MOUNTAIN VIEW (CBS SF / CNN) — Google will restrict free usage of a very popular service.
The company headquartered in Mountain View will phase out unlimited storage on Google Photos, it announced Wednesday. The service, launched in 2015, allows users to easily upload, back up and sort through the thousands of images we fill our smartphones with.
Any images users upload beyond June 1, 2021 will count towards the 15 GB limit imposed on Google accounts that already includes files from other services such as Gmail and Google Drive.
After hitting that limit, Google Photos users will have to pay for extra space through the company’s Google One cloud service, which starts at $1.99 a month for 100 GB of storage.
But the flood of users that flocked to Google Photos in the five years since it launched — more than a billion of them — may have reason to feel betrayed after counting on a feature that Google at least hinted would be around forever.
“Google Photos gives you a single, private place to keep a lifetime of memories, and access them from any device,” Anil Sabharwal, Google Photos’ then-head, said in a blog post when the service launched in 2015. “And when we say a lifetime of memories, we really mean it.”

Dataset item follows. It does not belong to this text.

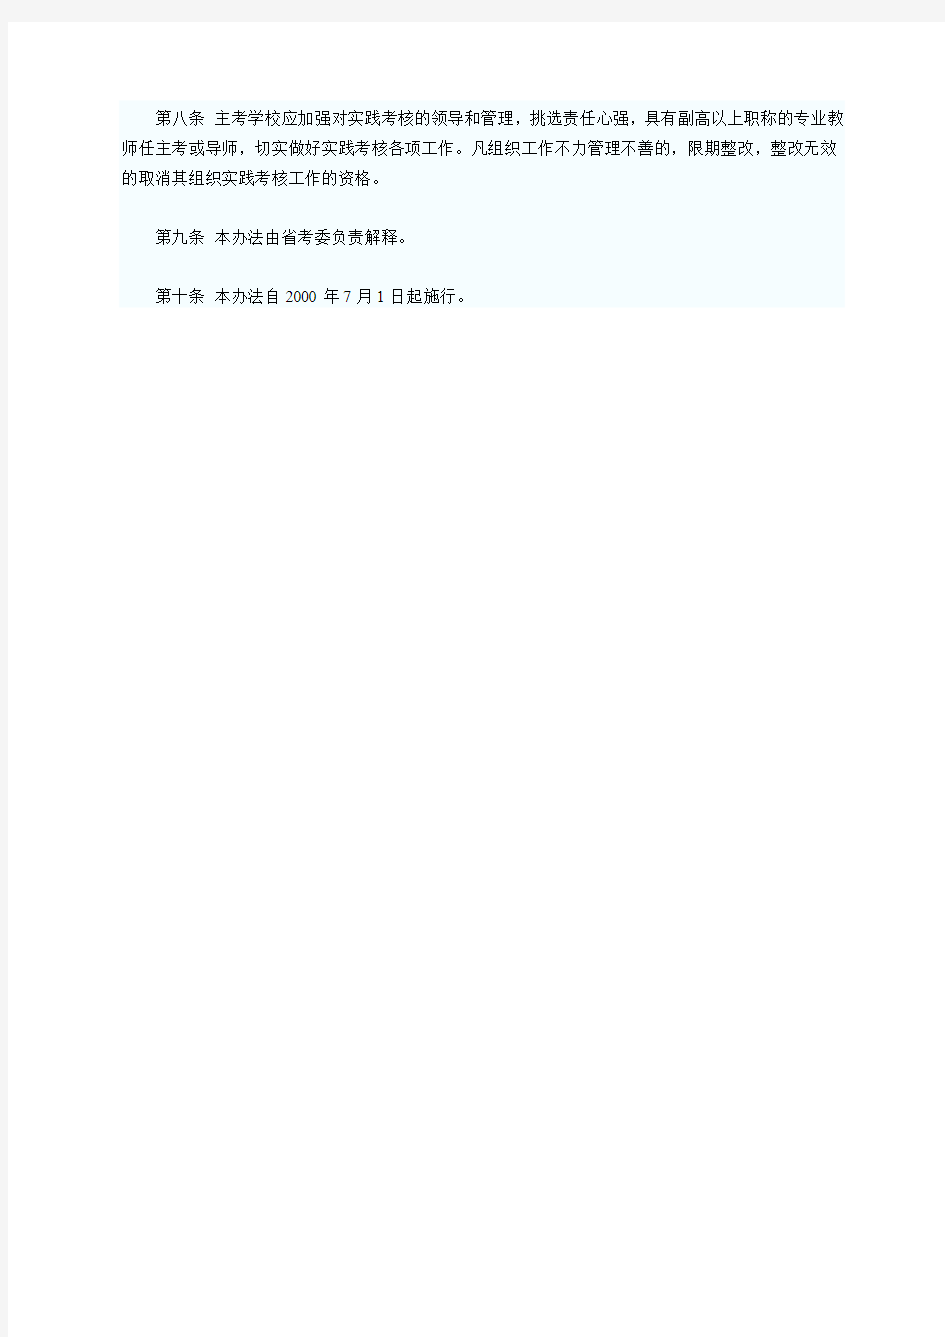 广东省自学考试实践考核管理办法

Google Photos hooked users with the offer of unlimited high quality photo uploads and slick automatic backups from your smartphone. Once your photos are uploaded Google’s AI capabilities make it much easier to search through your old photos, including grouping them by event, by date or even identifying individual people and places.

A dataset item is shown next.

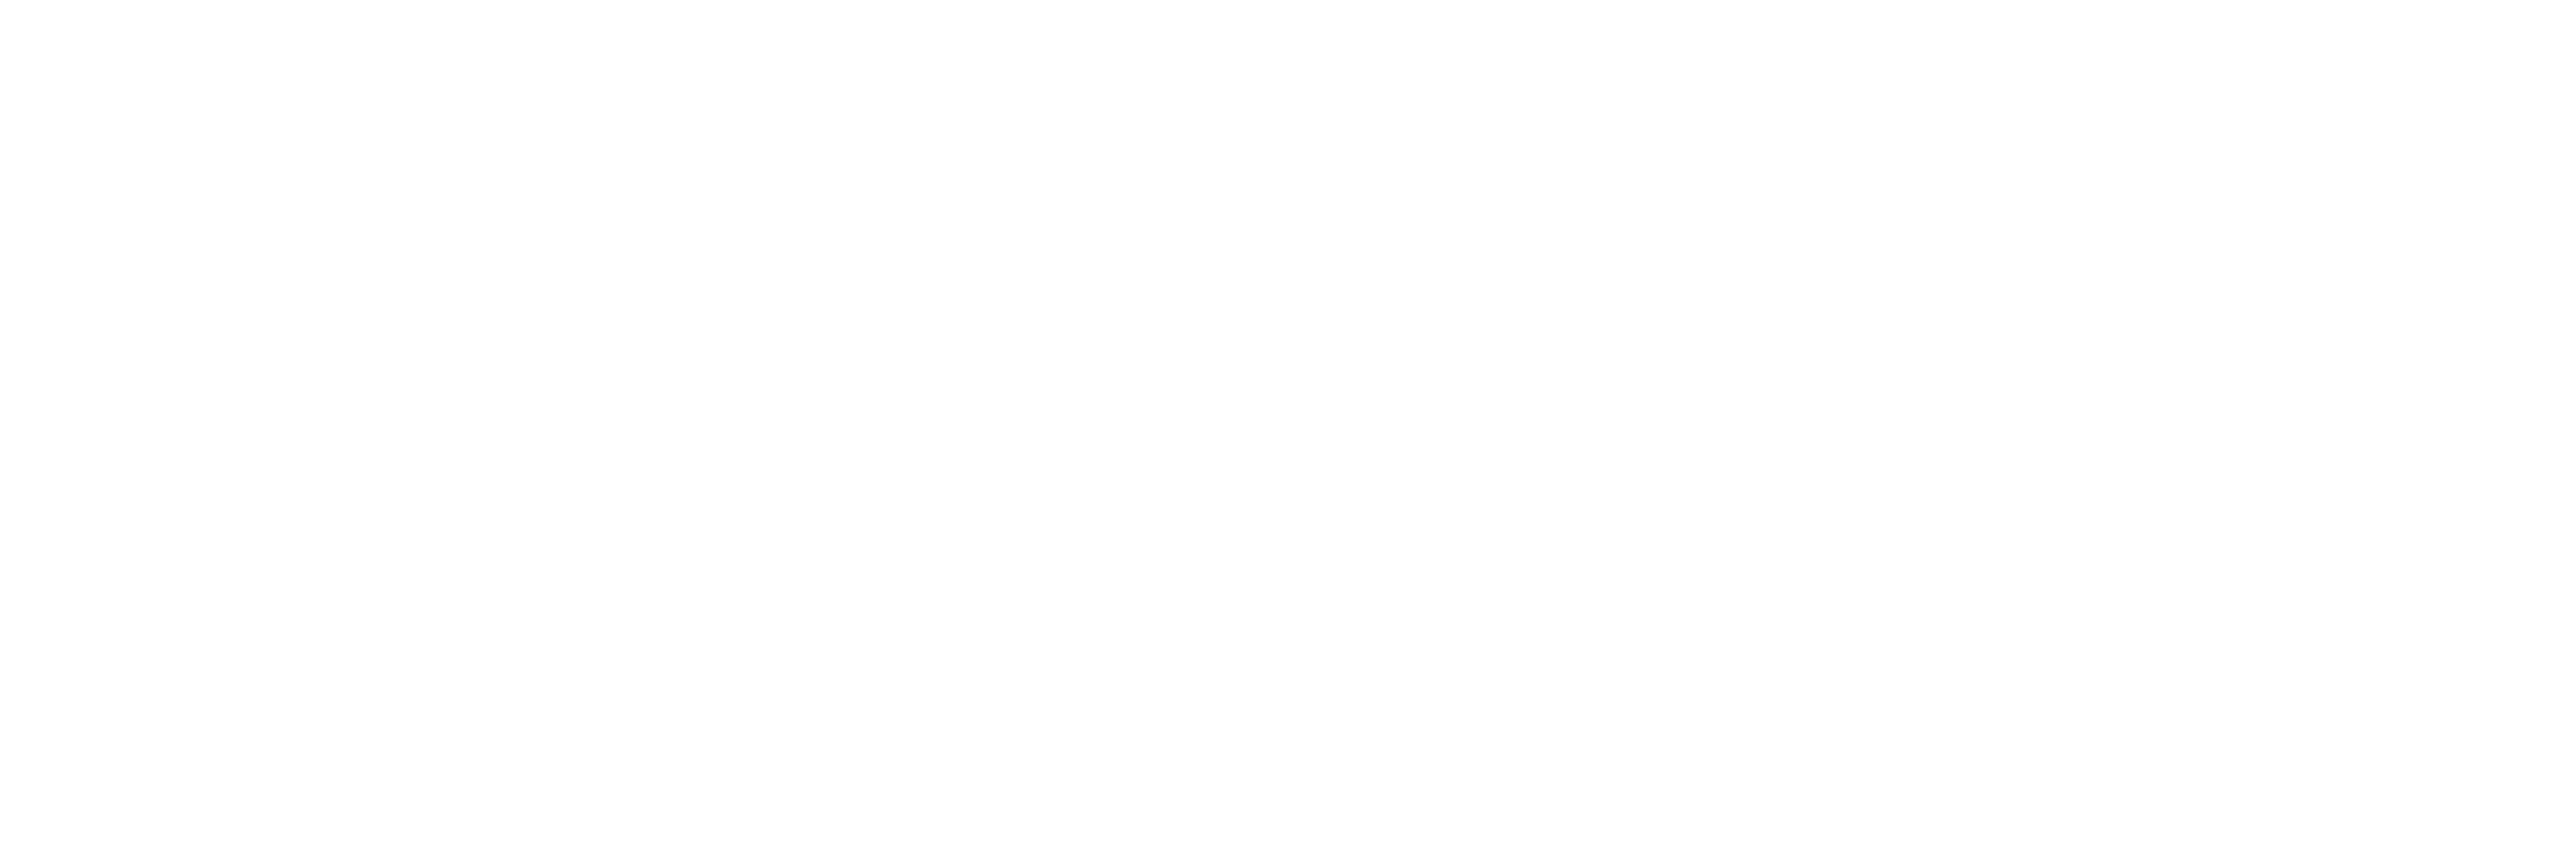 DataPark.ro

“Google Photos: Photos. Until Google doesn’t want them anymore,” wrote one user on a YouTube promo touting Google Photos as being “For Life.”
Several Twitter users also accused the company of a “bait and switch,” with many vowing to stop using Google Photos.

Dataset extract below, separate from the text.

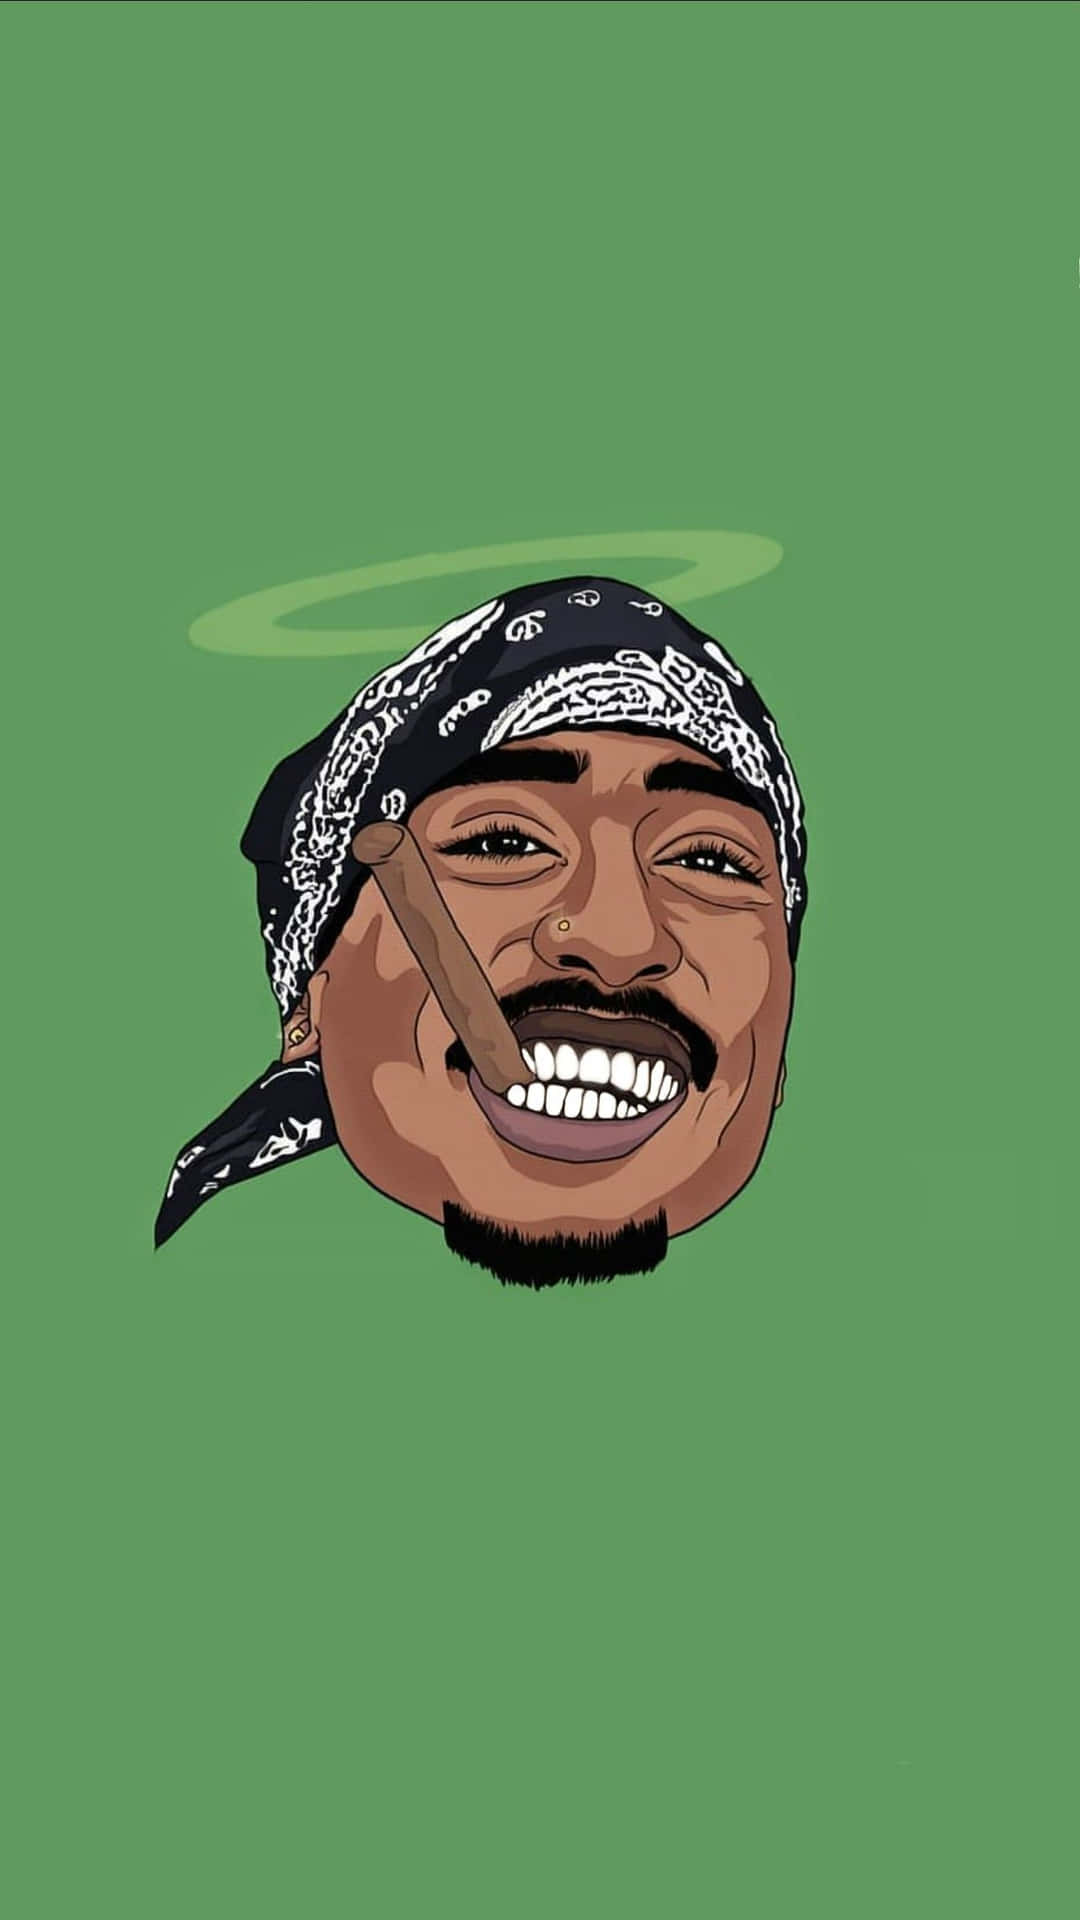 Einecartoon-illustration Des Ikonischen Rappers Tupac Shakur. Wallpaper

Google did not immediately respond to a request for additional comment.
There are some details about the upcoming change worth noting.
Previously, Google allowed users to upload high-quality images — slightly compressed from the original but barely noticeable to the casual eye — for free. Uploading original quality images already counted towards the 15 GB storage limit. But after June 1 next year, any images users put on Google Photos will eat into that limit.
There are some measures in place that will help ease the transition. Google says anything uploaded to Google Photos between now and next June will not count towards the 15 GB cap, and the company estimates more than 80% of users will have enough space to store around three more years’ worth of images and videos even after June next year.
Google will also let you track your remaining space in years rather than GB, based on a calculation of how often you take and back up images. Google Photos also uses artificial intelligence to warn you when you may be running out of space and suggest photos that might be easy to get rid of, such as random screenshots, blurry images and anything it’s already backed up to the cloud.
Google says users of its Pixel smartphones will enjoy the free unlimited storage even after the June 2021 deadline.
You’ve got options
To some, Google’s move to suddenly make more users start paying for storage might seem like the perfect example of a tech company that’s too big and powerful.
After all, the tech giant is already facing a significant antitrust lawsuit over its dominance in online search, and Its move to juice Google Photos for even more revenue could give some of the company’s many critics more fodder to justify a crackdown.
But unlike its dominance in online search, Google has several high-profile competitors when it comes to photo and cloud storage services.
These include Apple’s iCloud, which offers 5 GB of free storage and $0.99 a month for 50 GB of storage thereafter, Microsoft’s OneDrive, which gives users 100 GB of storage for $1.99 a month, and Flickr, which offers up to 1,000 photos and videos for free and charges $6.99 a month for unlimited storage.
So galling as it might seem to some, the change is unlikely to exacerbate scrutiny of its market power.
“I think it’s a stretch to call this an antitrust problem,” said Avery Gardiner, general counsel and senior fellow for competition, data and power at the Center for Democracy and Technology. “And giving people more than six months notice of a future price increase isn’t the sort of conduct we usually characterize as an abuse of power.”
Gardiner also points out that Google doesn’t impede users from switching to other services or place restrictions on compatibility between different services.
But for users who have years of images and videos on Google Photos — the company says more than 4 trillion images are currently stored on the platform, with 28 billion being added every week — switching away may be difficult. Some good things just weren’t meant to last.